=== EXERCISE OBJECTIVE ===
Return exactly the lines from the one containing "Crew-Neck Basketball Jersey" through the end of the material below, and leave the images out.

=== DATASET CONTENT ===
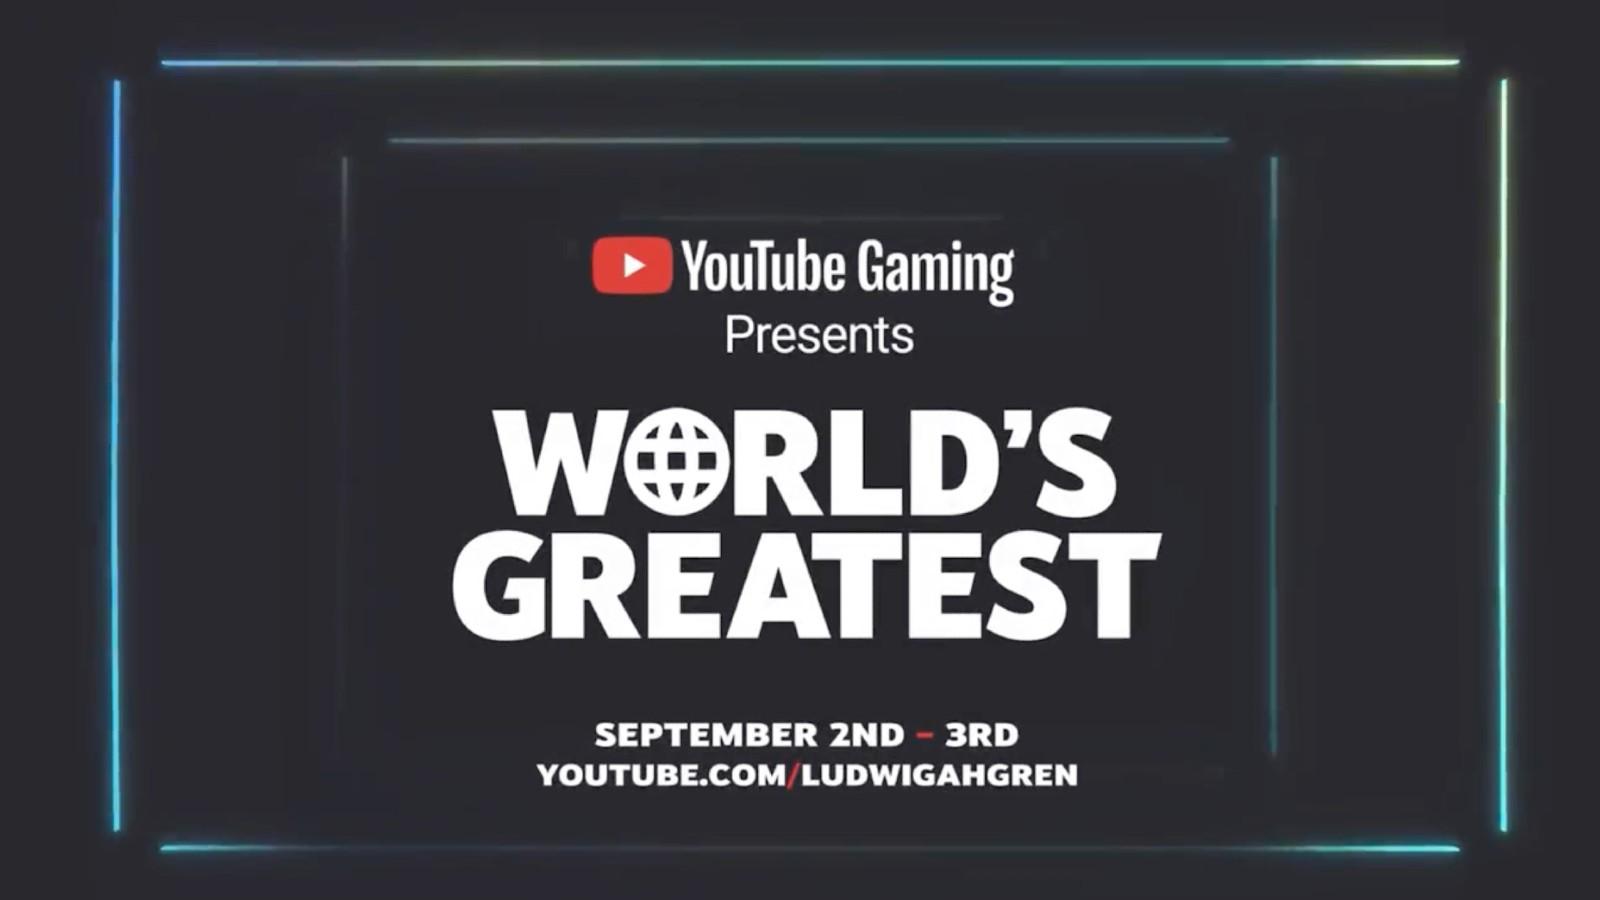 Ludwig's World's Greatest Esports event
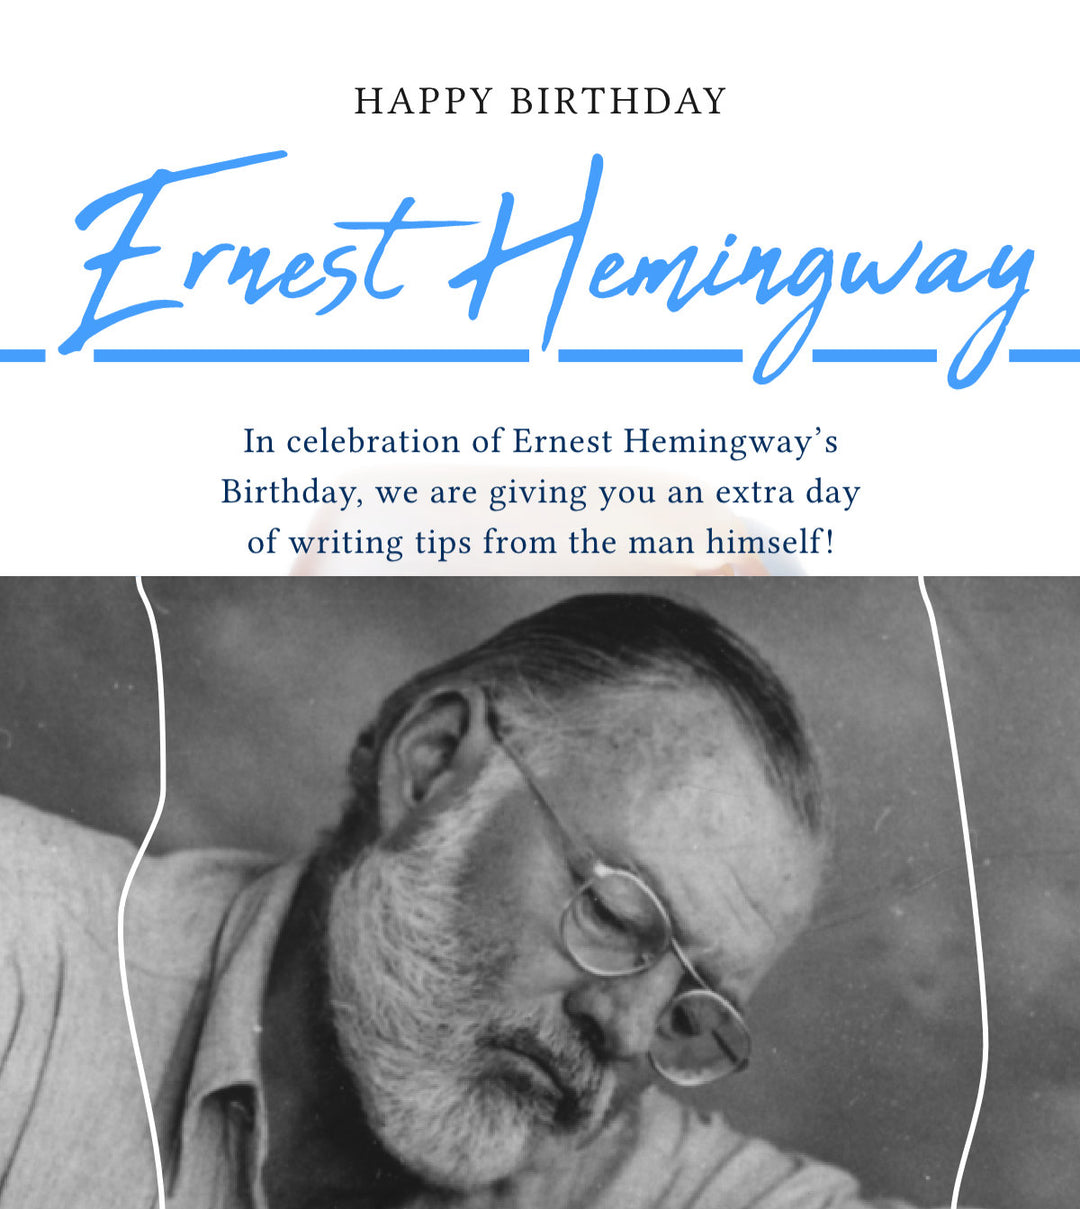 Happy Birthday Ernest Hemingway - In celebration of Ernest Hemingway's Birthday, we are giving you an extra day of writing tips from the man himself! (Pictured: Black and white photo of author Ernest Hemingway.)
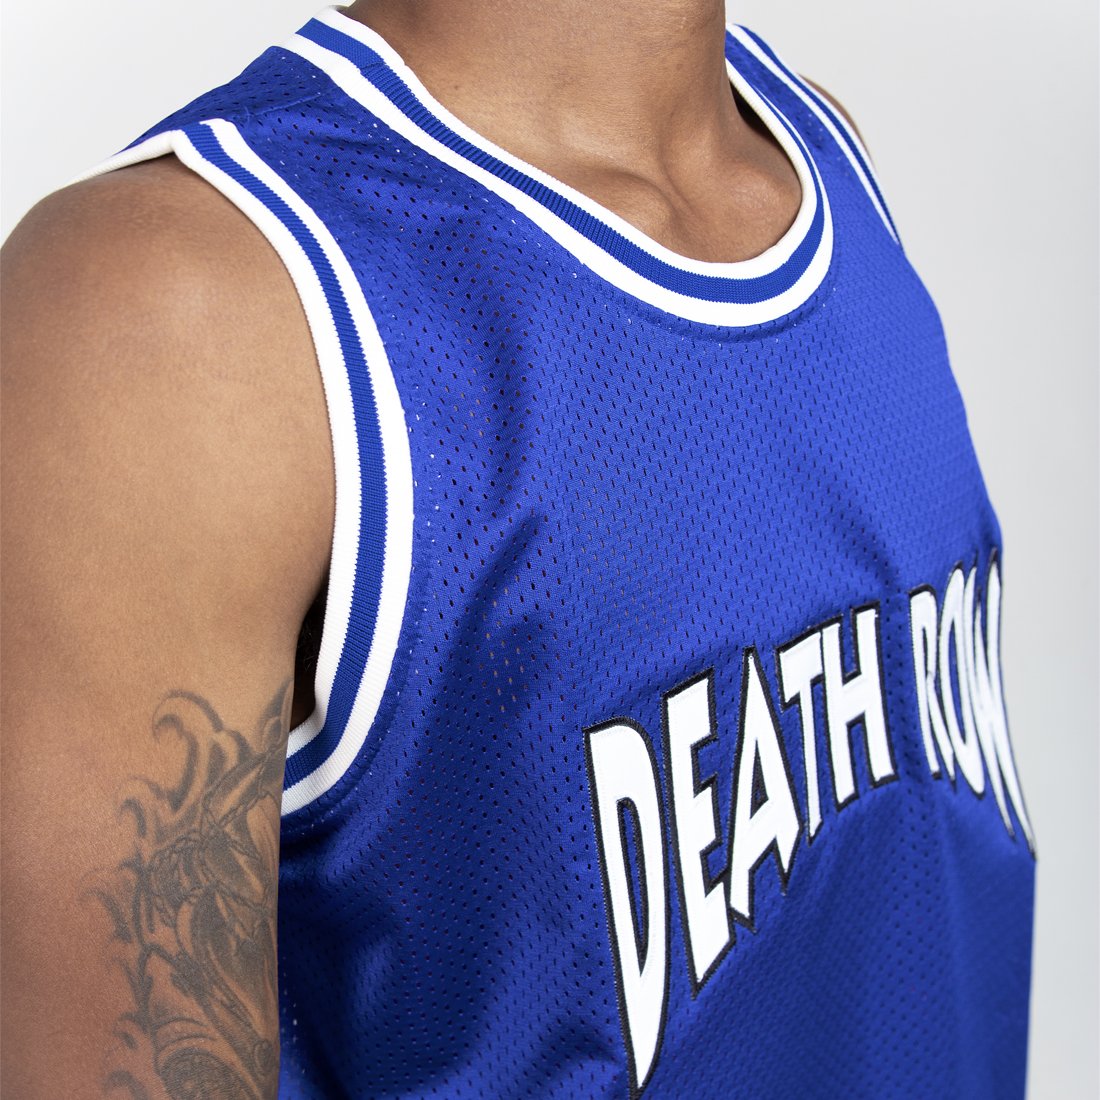 Crew-Neck Basketball Jersey | Death Row Apparel | King Ice Yellow / S
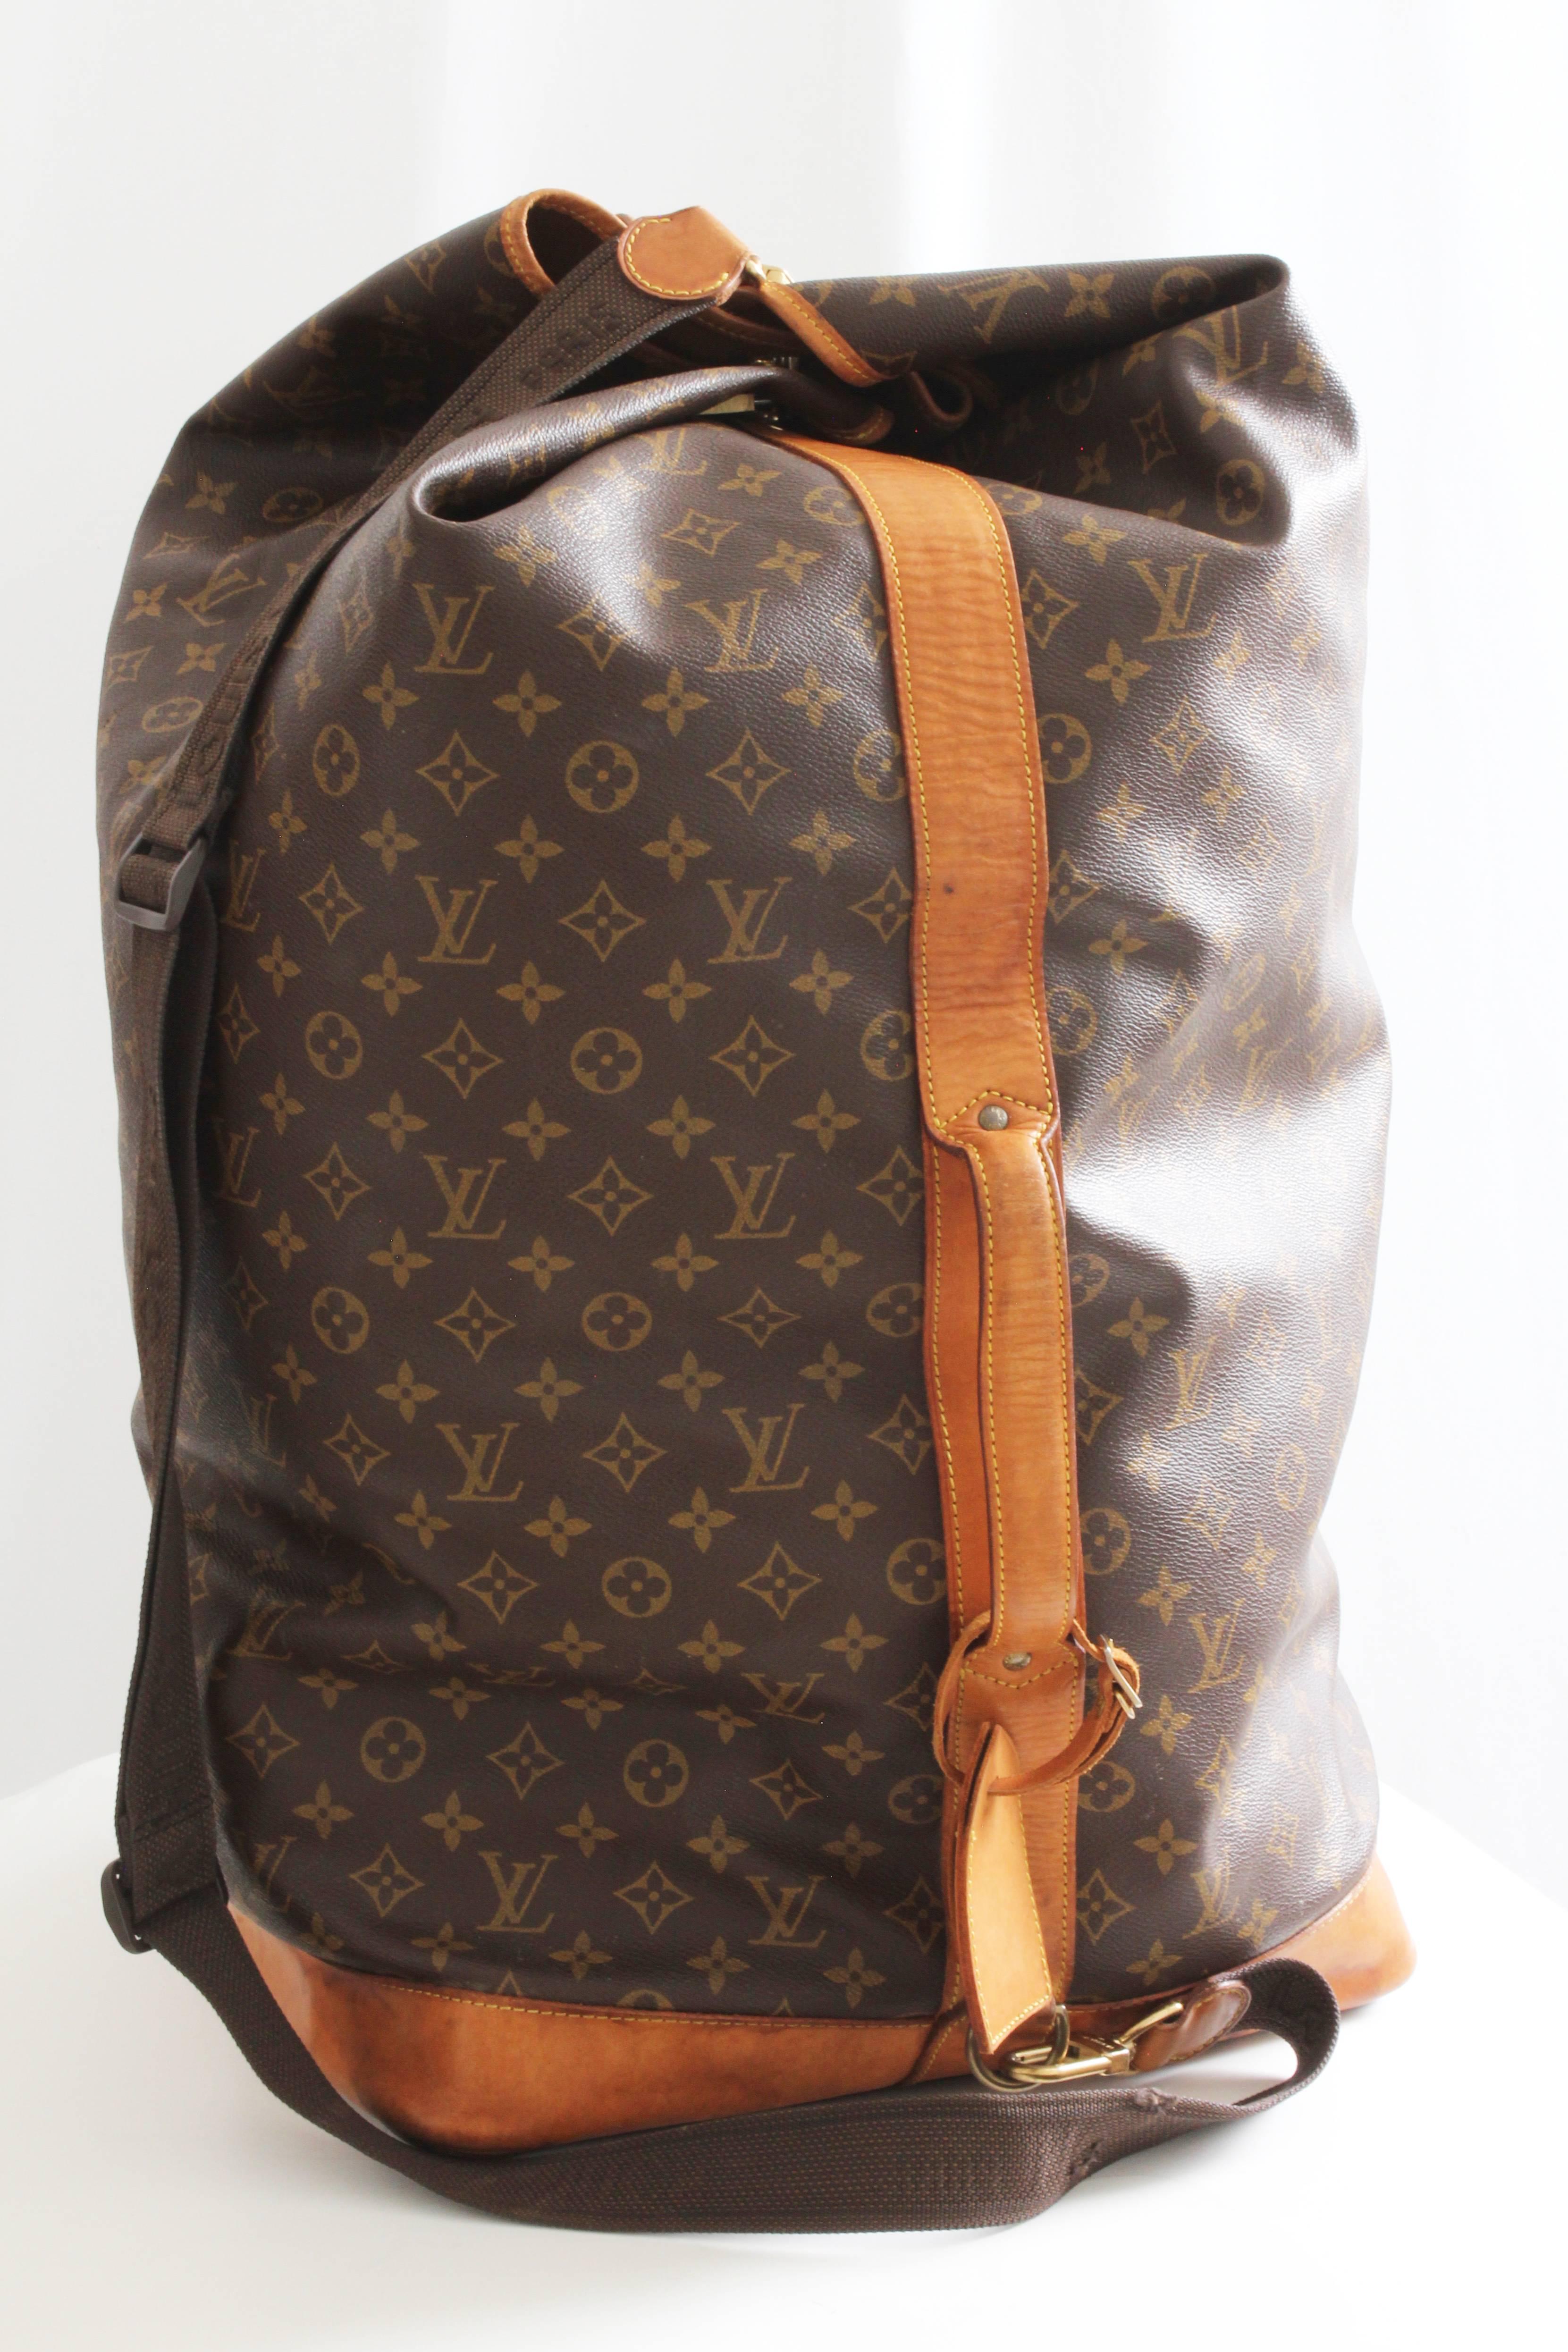 Travel in style with this incredible Louis Vuitton monogram Sac Marin GM. Made from LV's signature monogram canvas with vachetta leather trim, this extra-large travel bag holds a ton!   Note that this GM size Sac Marin is no longer available for

=== YOUR RESPONSE ===
 Crew-Neck Basketball Jersey | Death Row Apparel | King Ice Yellow / S
 Travel in style with this incredible Louis Vuitton monogram Sac Marin GM. Made from LV's signature monogram canvas with vachetta leather trim, this extra-large travel bag holds a ton!   Note that this GM size Sac Marin is no longer available for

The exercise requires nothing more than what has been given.